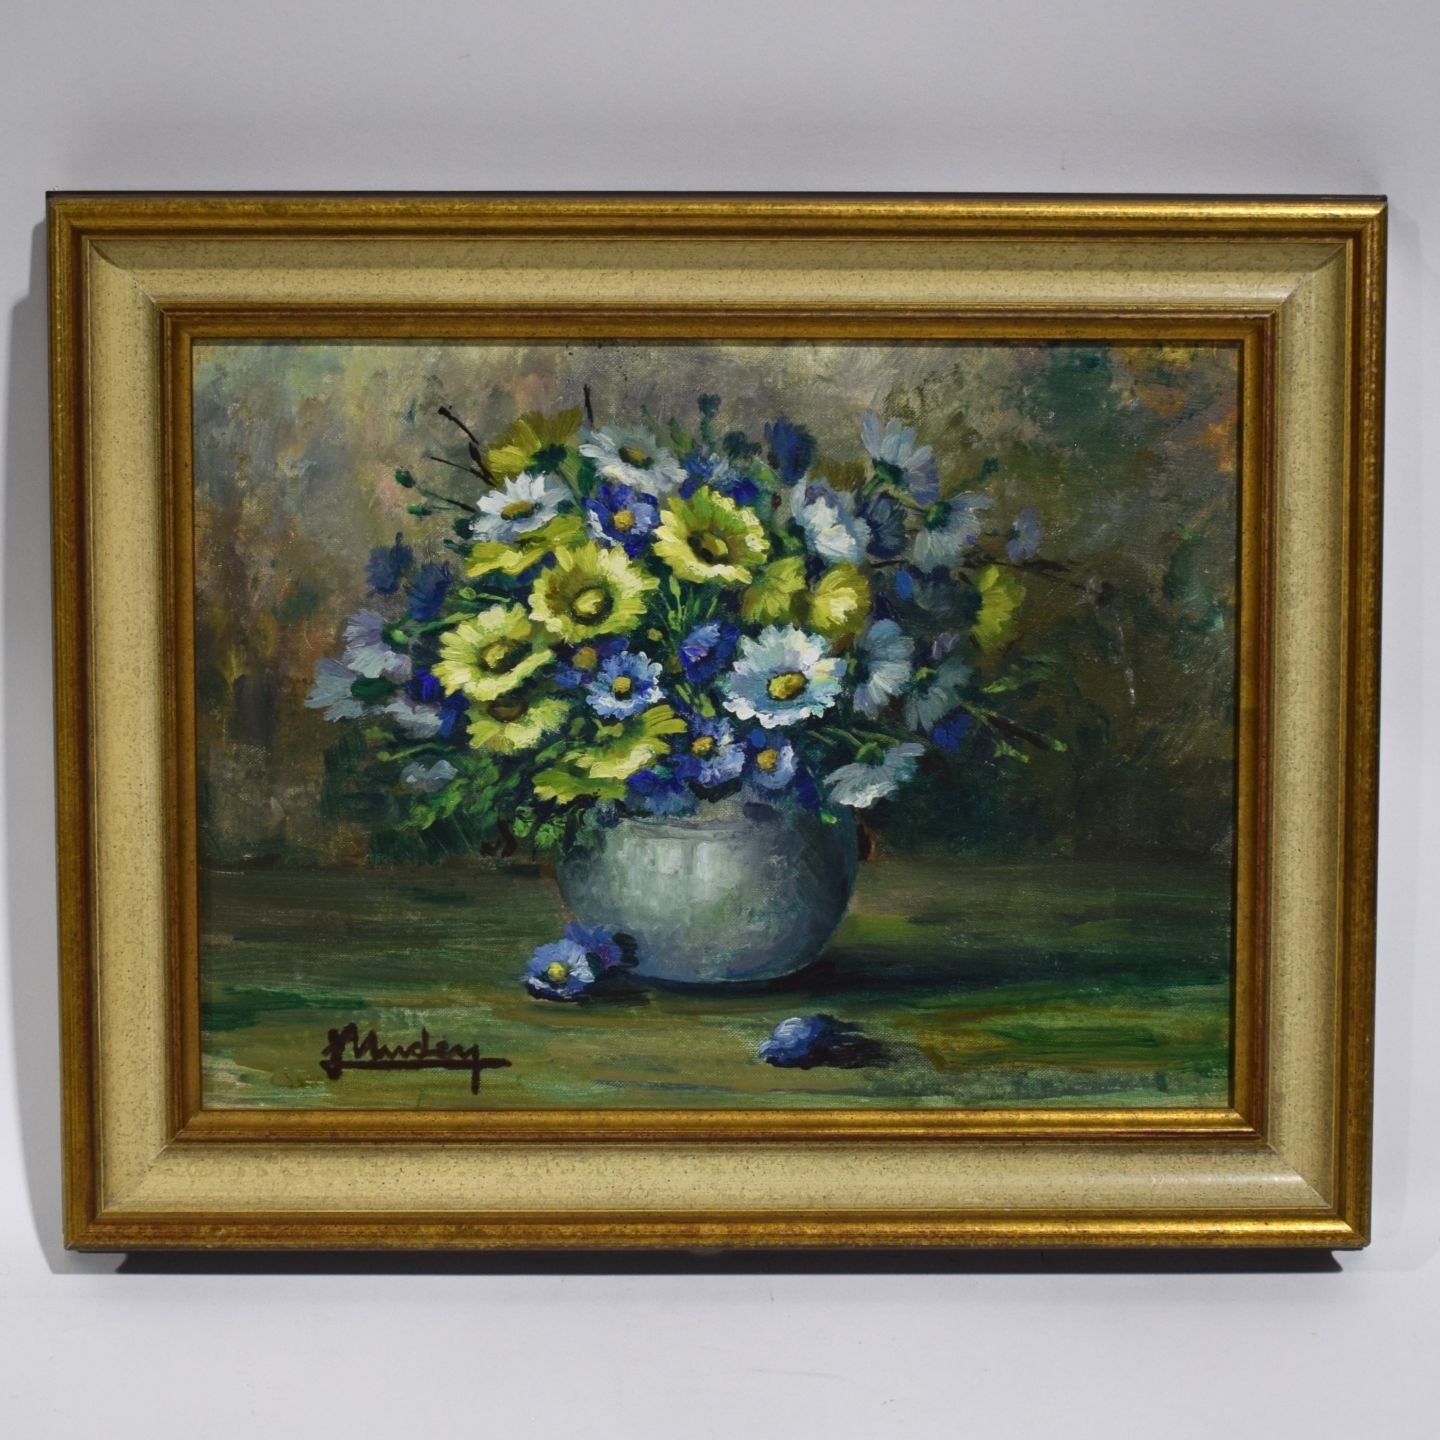 Artwork by Lilly Unden, Lily UNDEN (1908-1989), Made of Oil on canvas
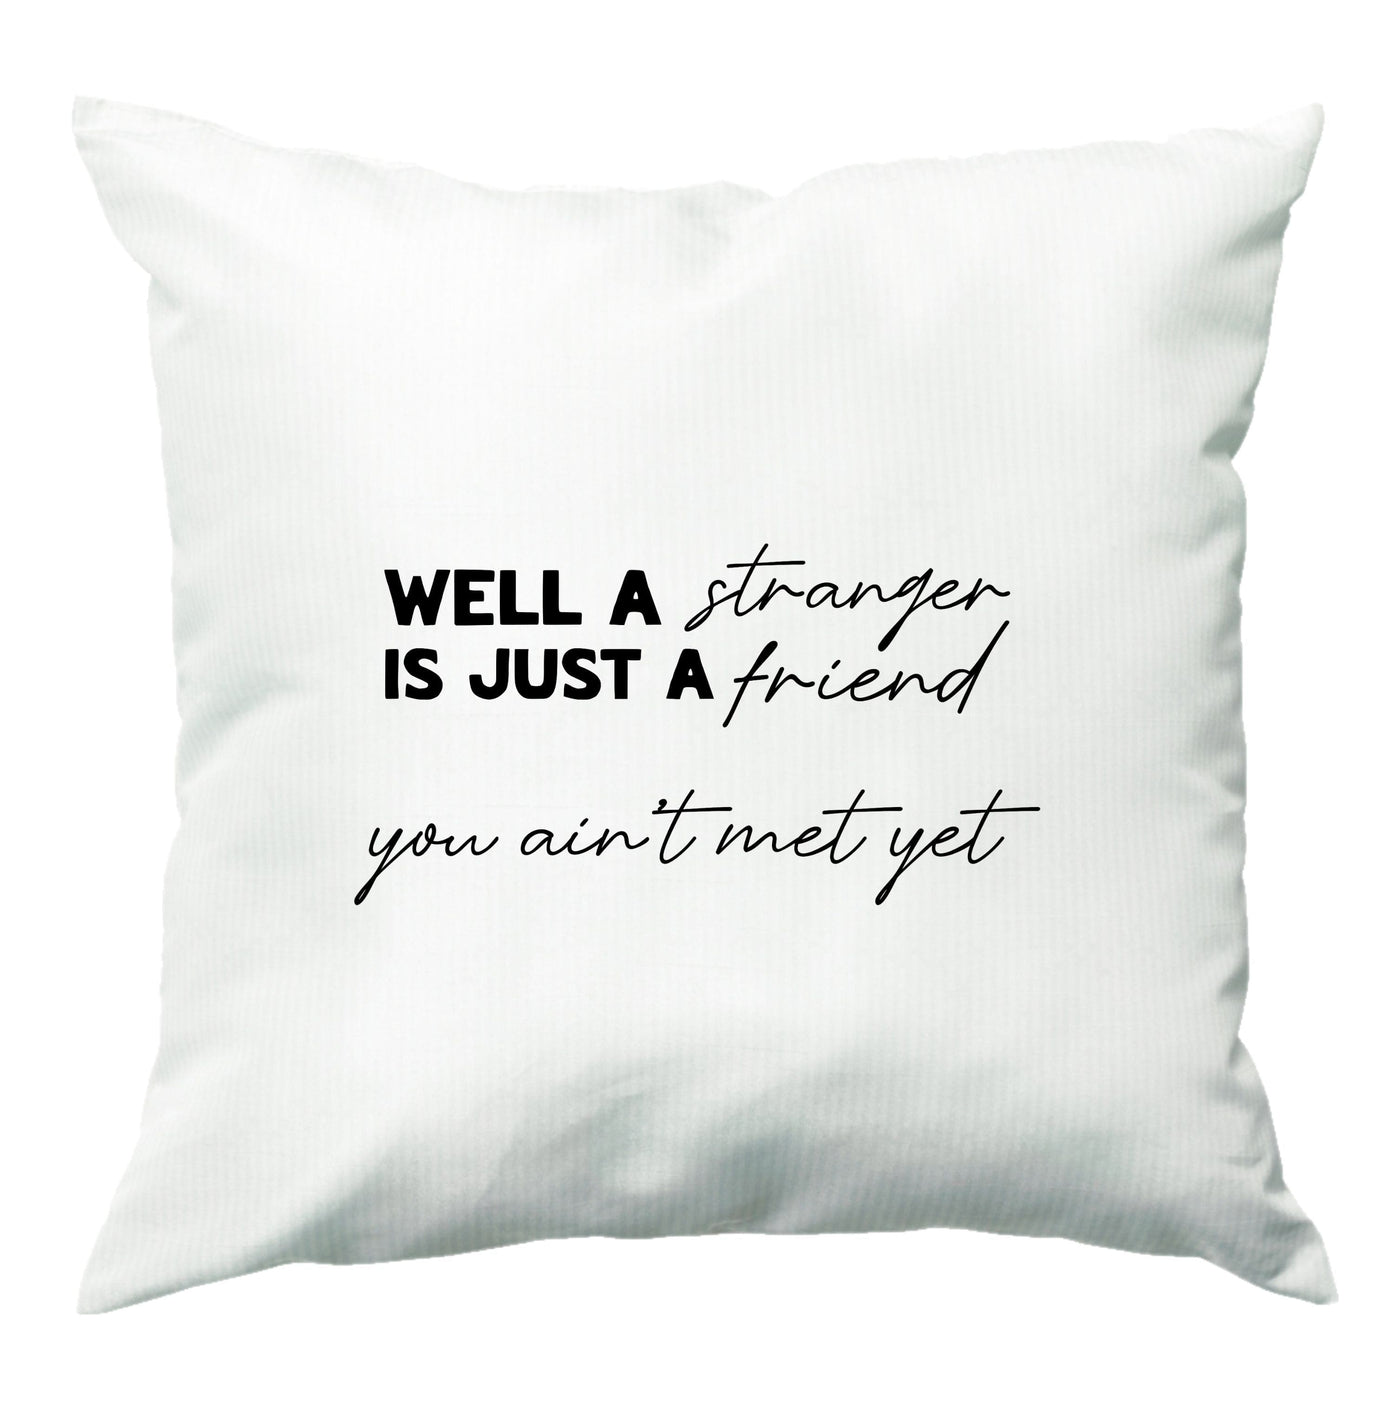 Well A Stranger Is Just A Friend - The Boys Cushion
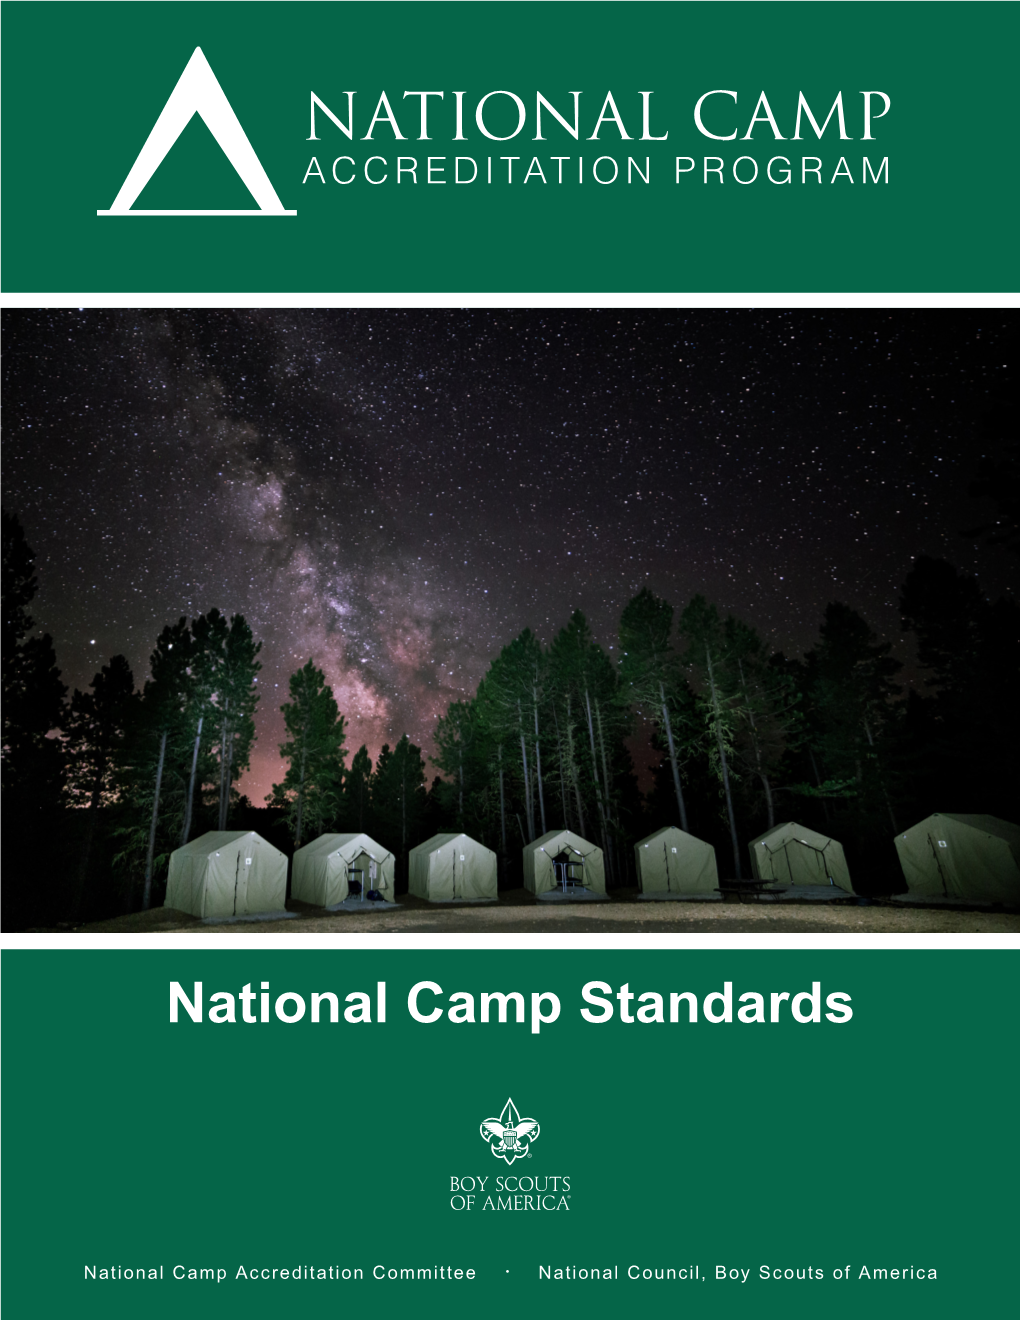 2021 National Camp Accreditation Standards

+-------+

* _About this exercise_:
Without any of its images, the data above should be returned exactly.

* _Exercise output_:
 Artwork by Lilly Unden, Lily UNDEN (1908-1989), Made of Oil on canvas
 Well A Stranger Is Just A Friend - The Boys Cushion
 2021 National Camp Accreditation Standards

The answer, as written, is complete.